Requirement:
Transcribe the listing exactly, skipping every picture.

Supplied data:
__________

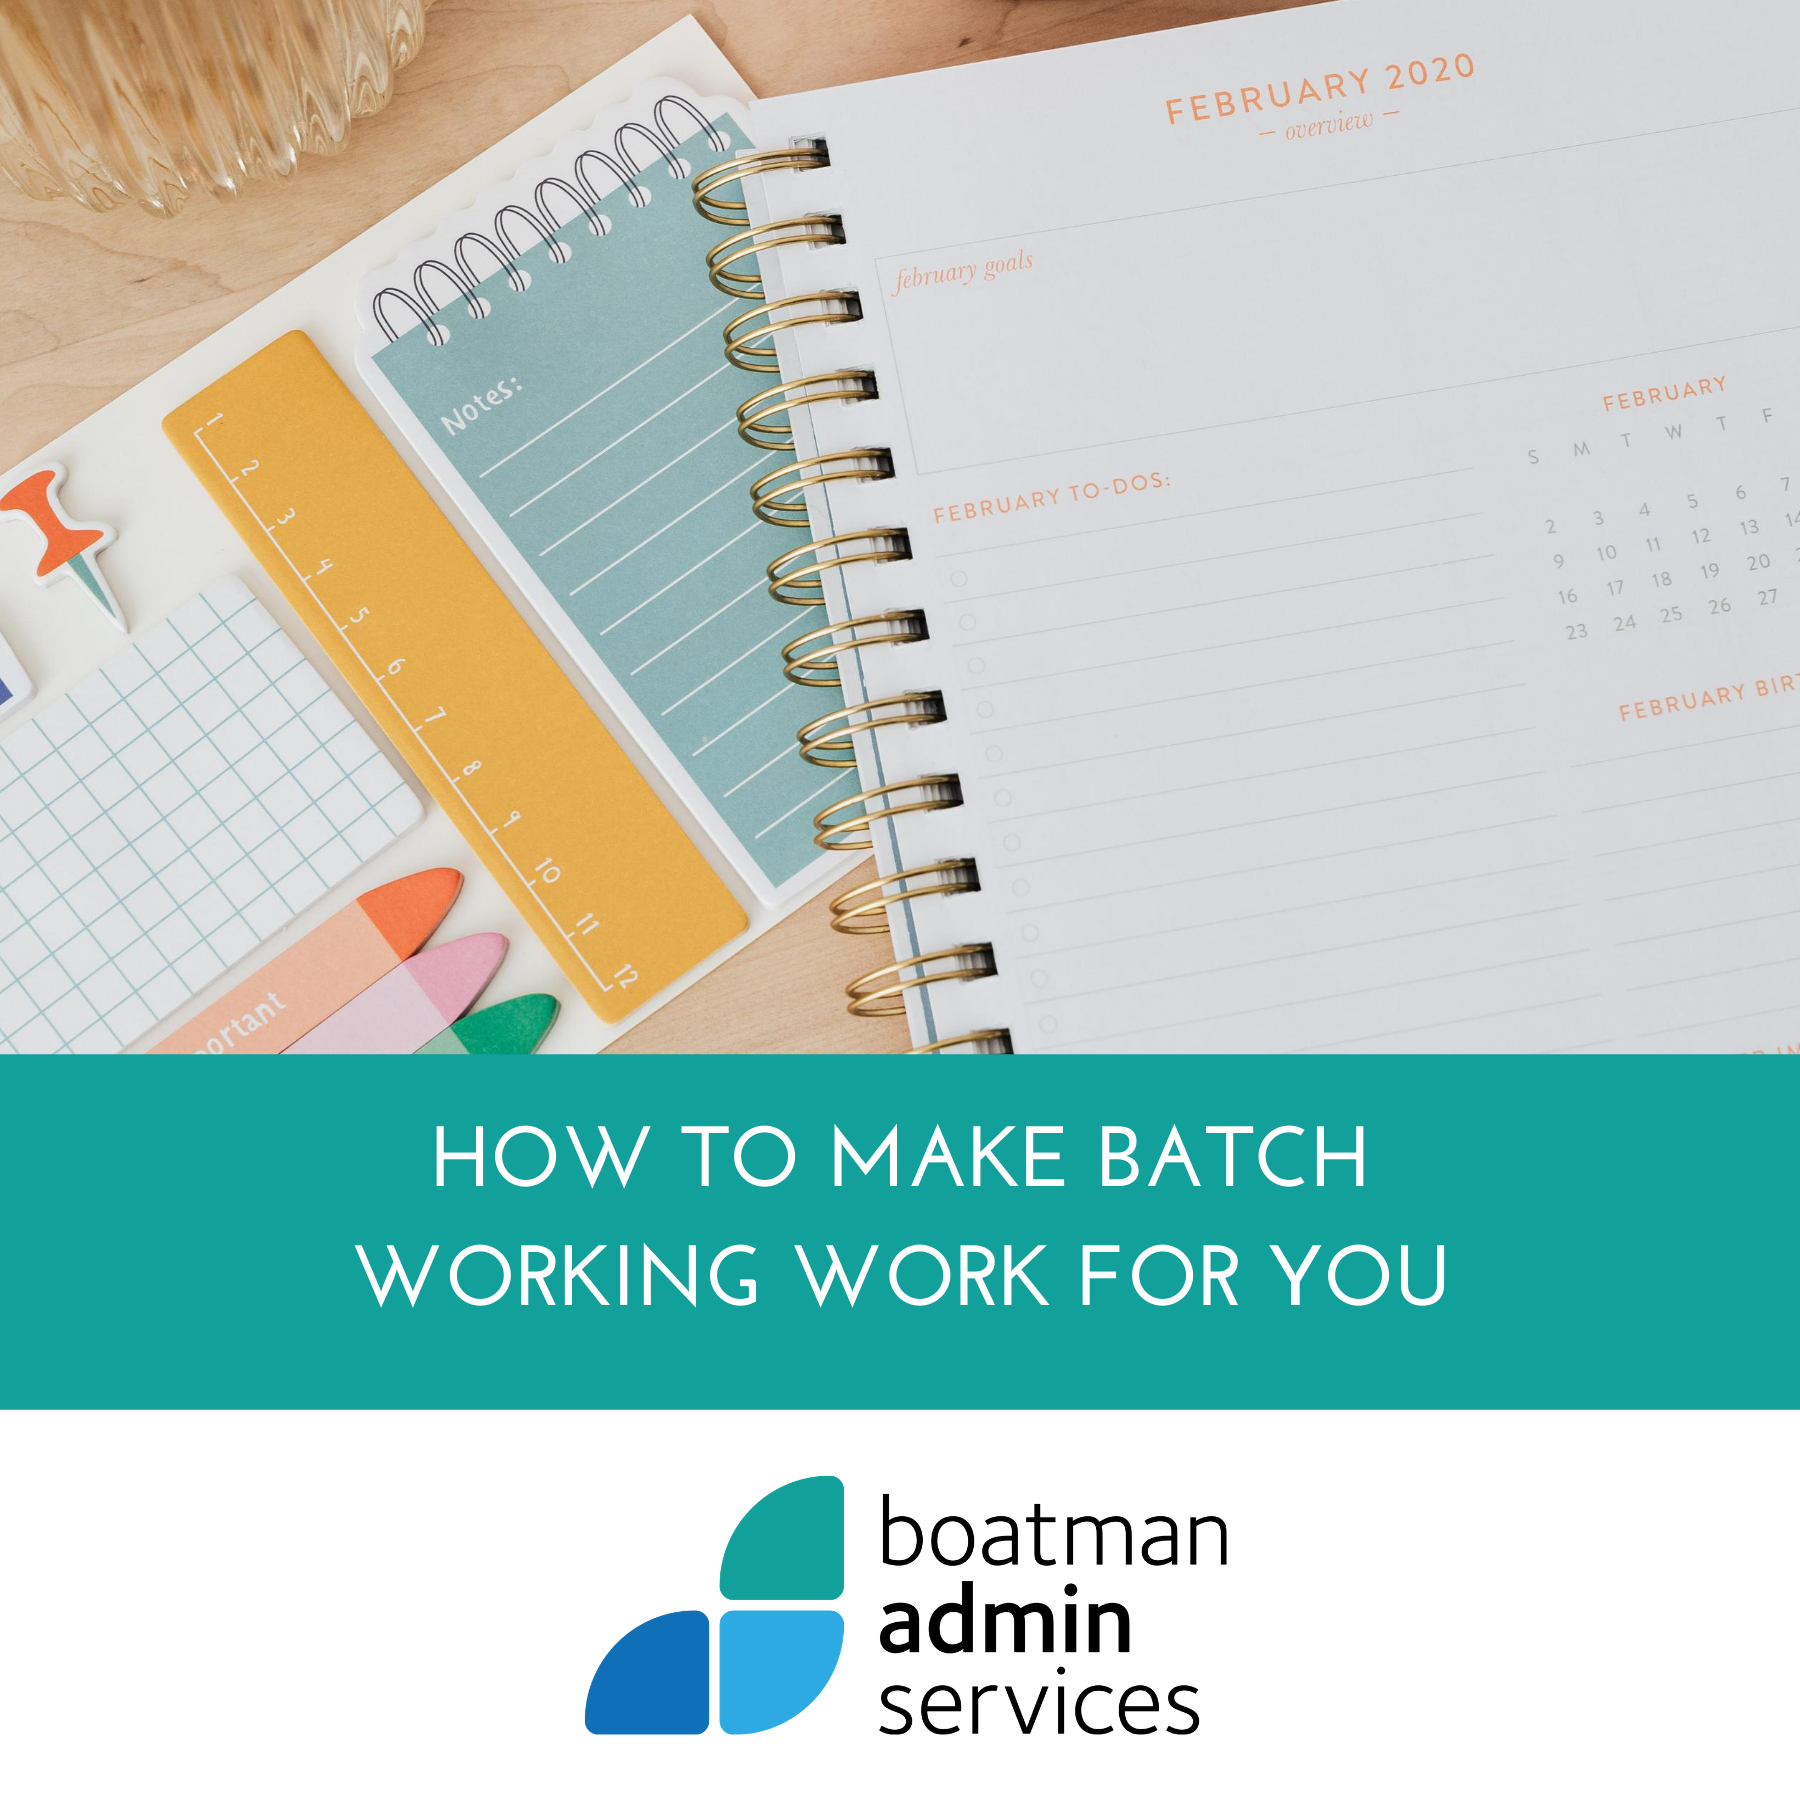 How to make Batch Working work for you
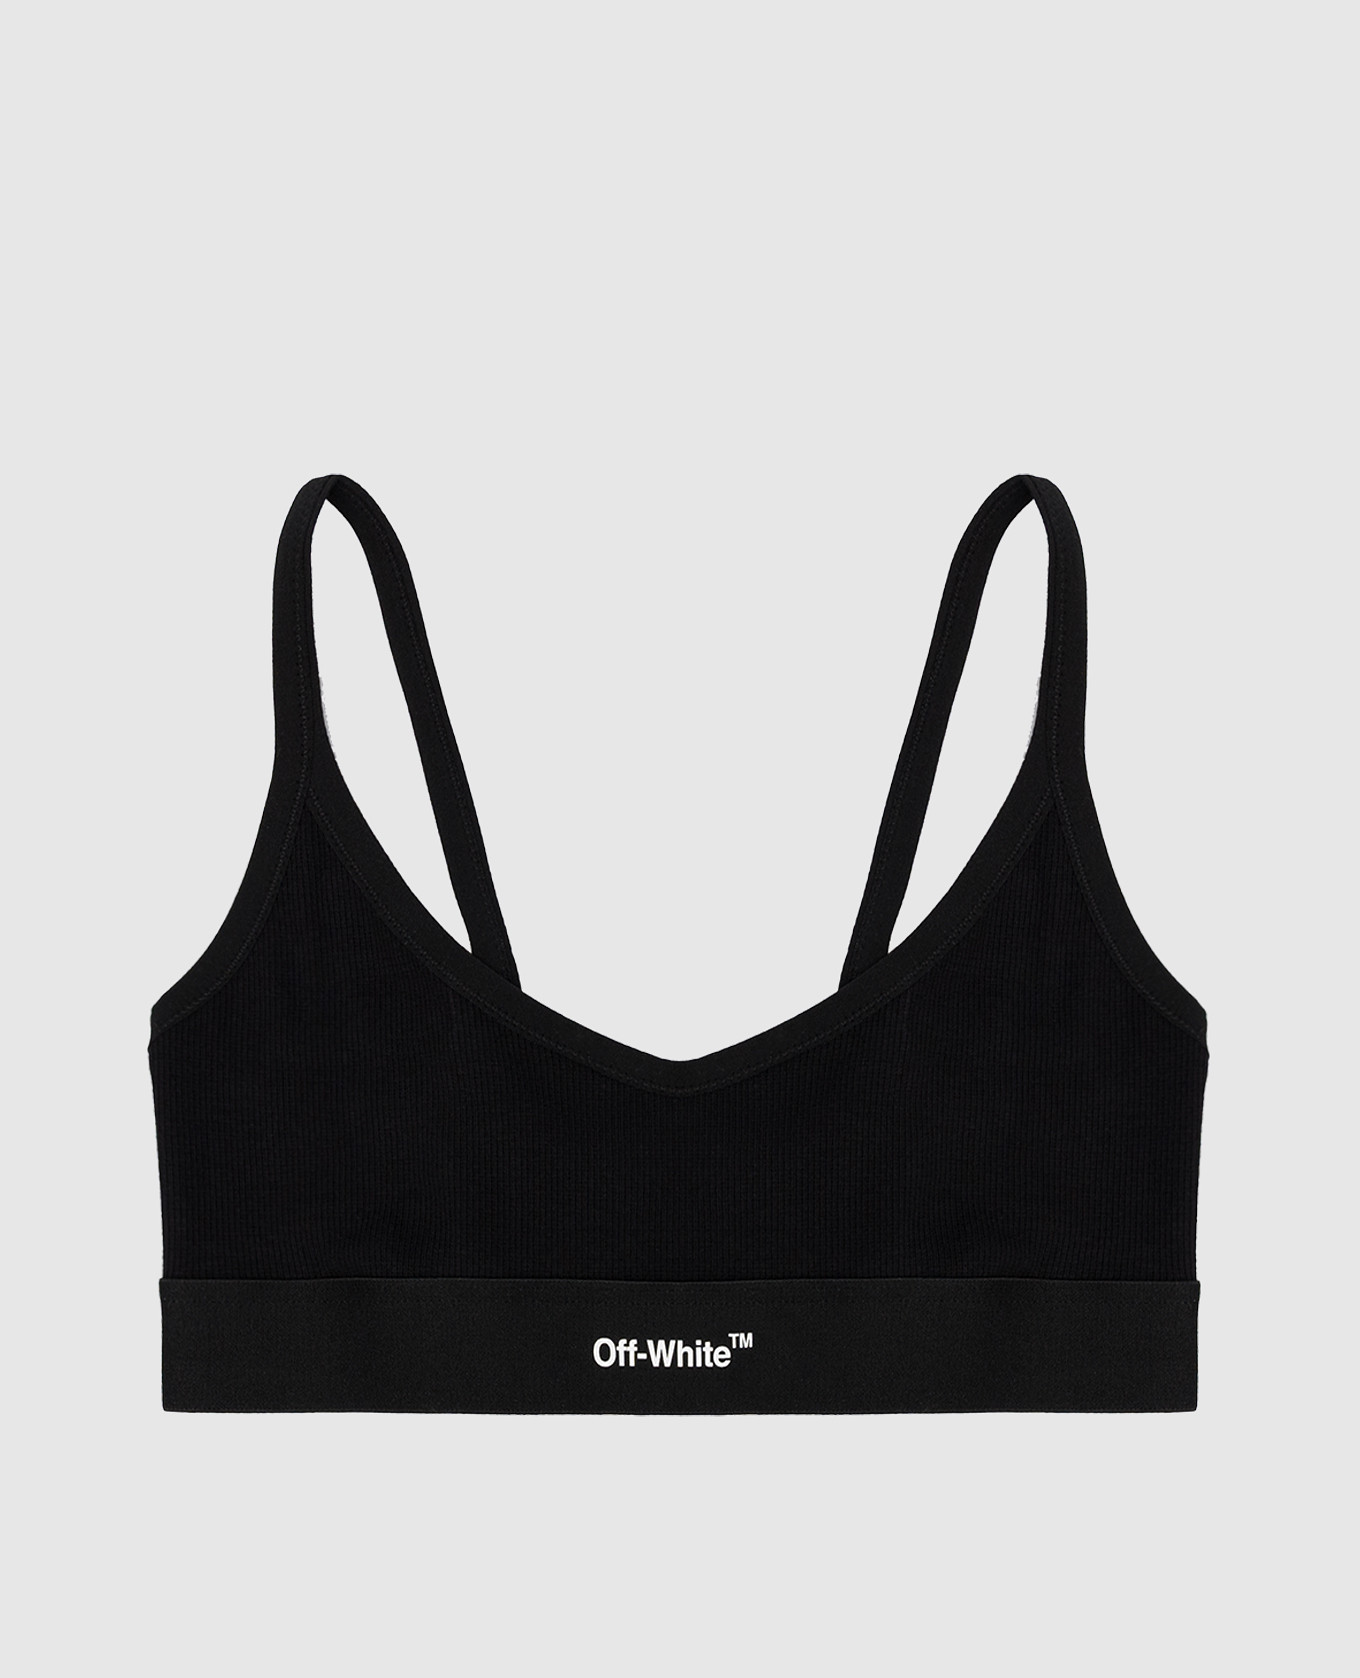 Black top with contrasting logo
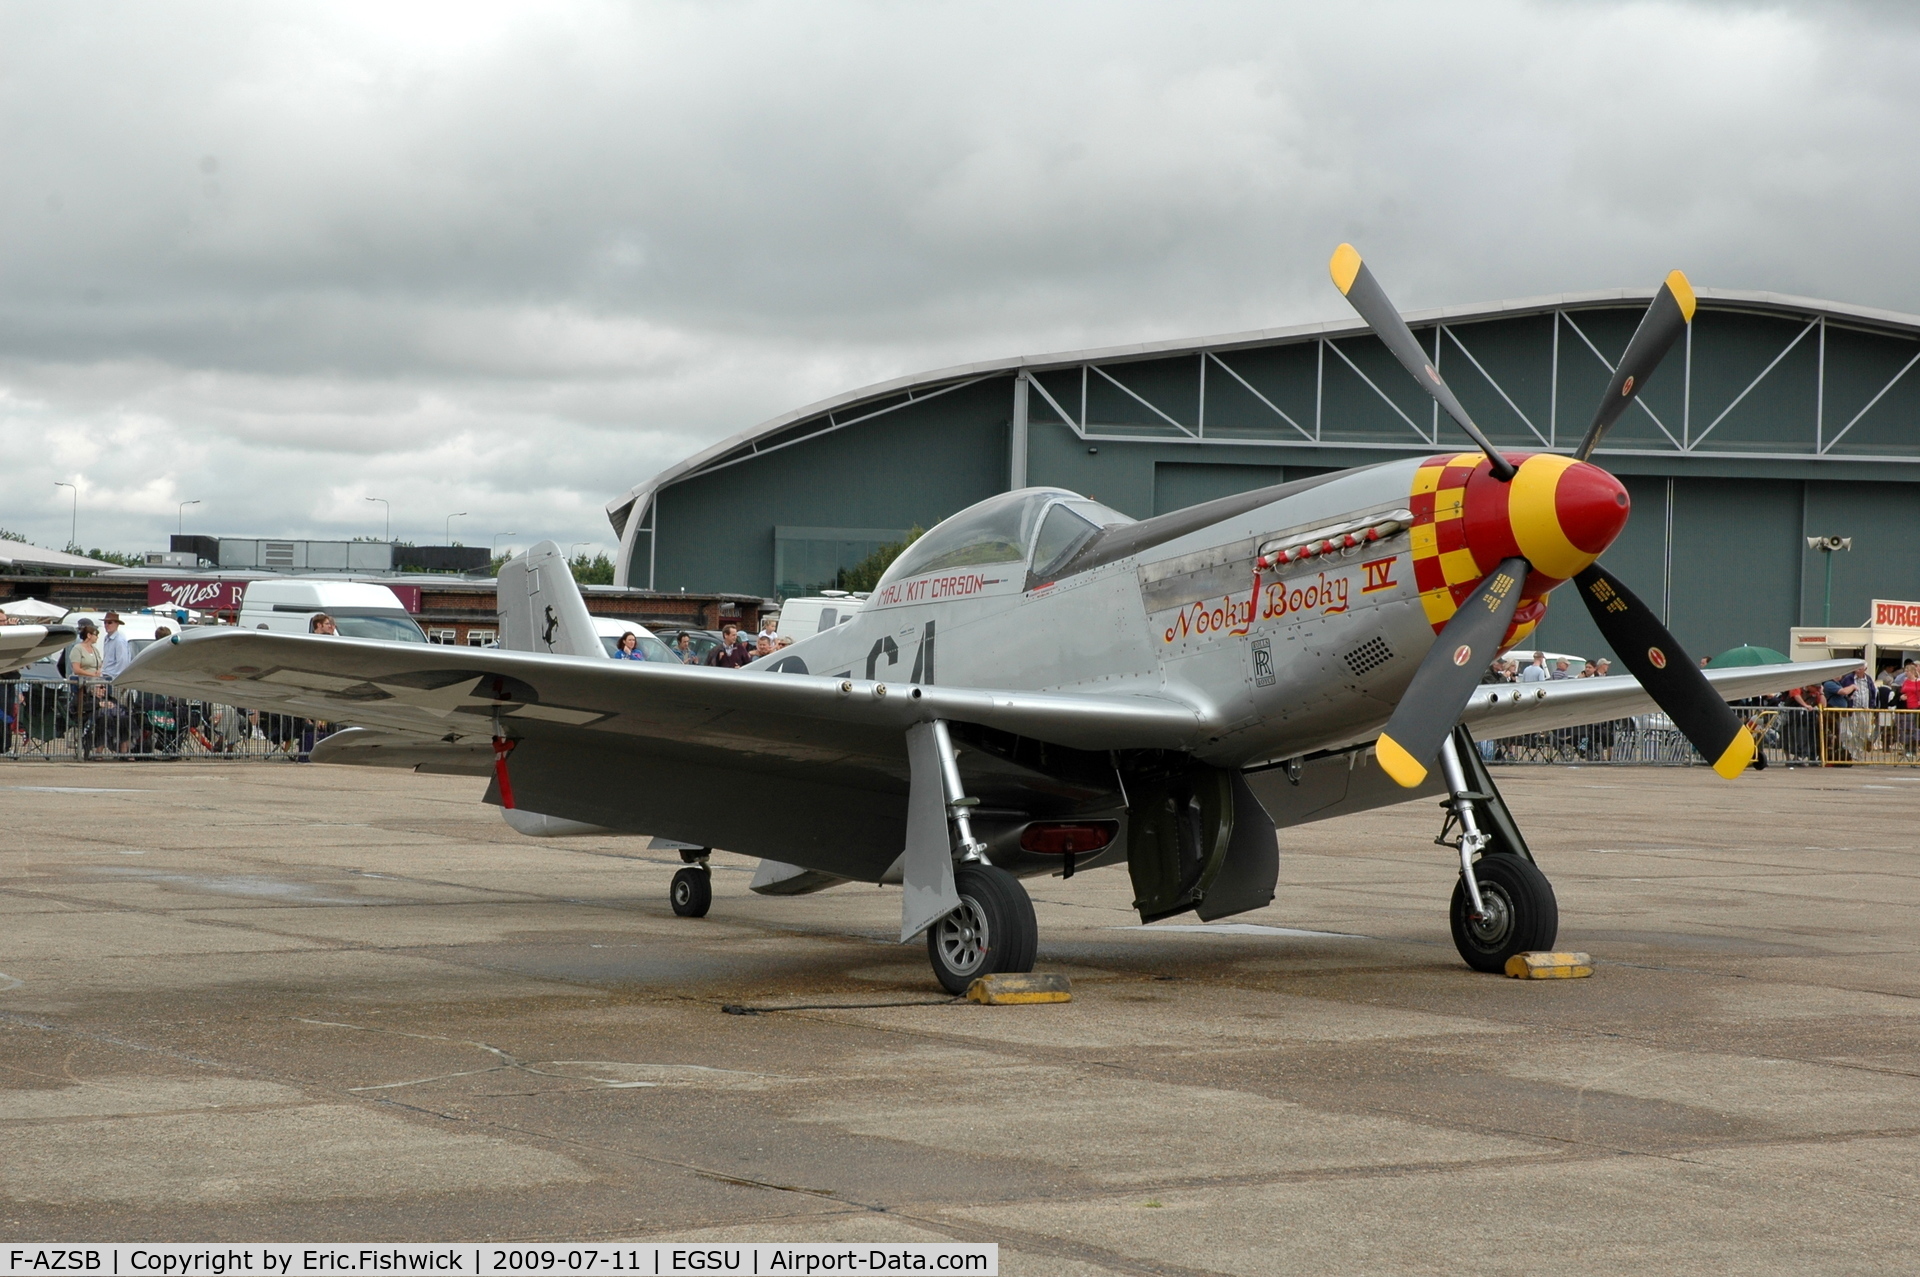 F-AZSB, 1944 North American P-51D Mustang C/N 122-40967, 5. 'Nooky Booky IV' at Duxford Flying Legends Air Show July 09

__________

Result of the exercise:
 How to make Batch Working work for you
 Black top with contrasting logo
 F-AZSB, 1944 North American P-51D Mustang C/N 122-40967, 5. 'Nooky Booky IV' at Duxford Flying Legends Air Show July 09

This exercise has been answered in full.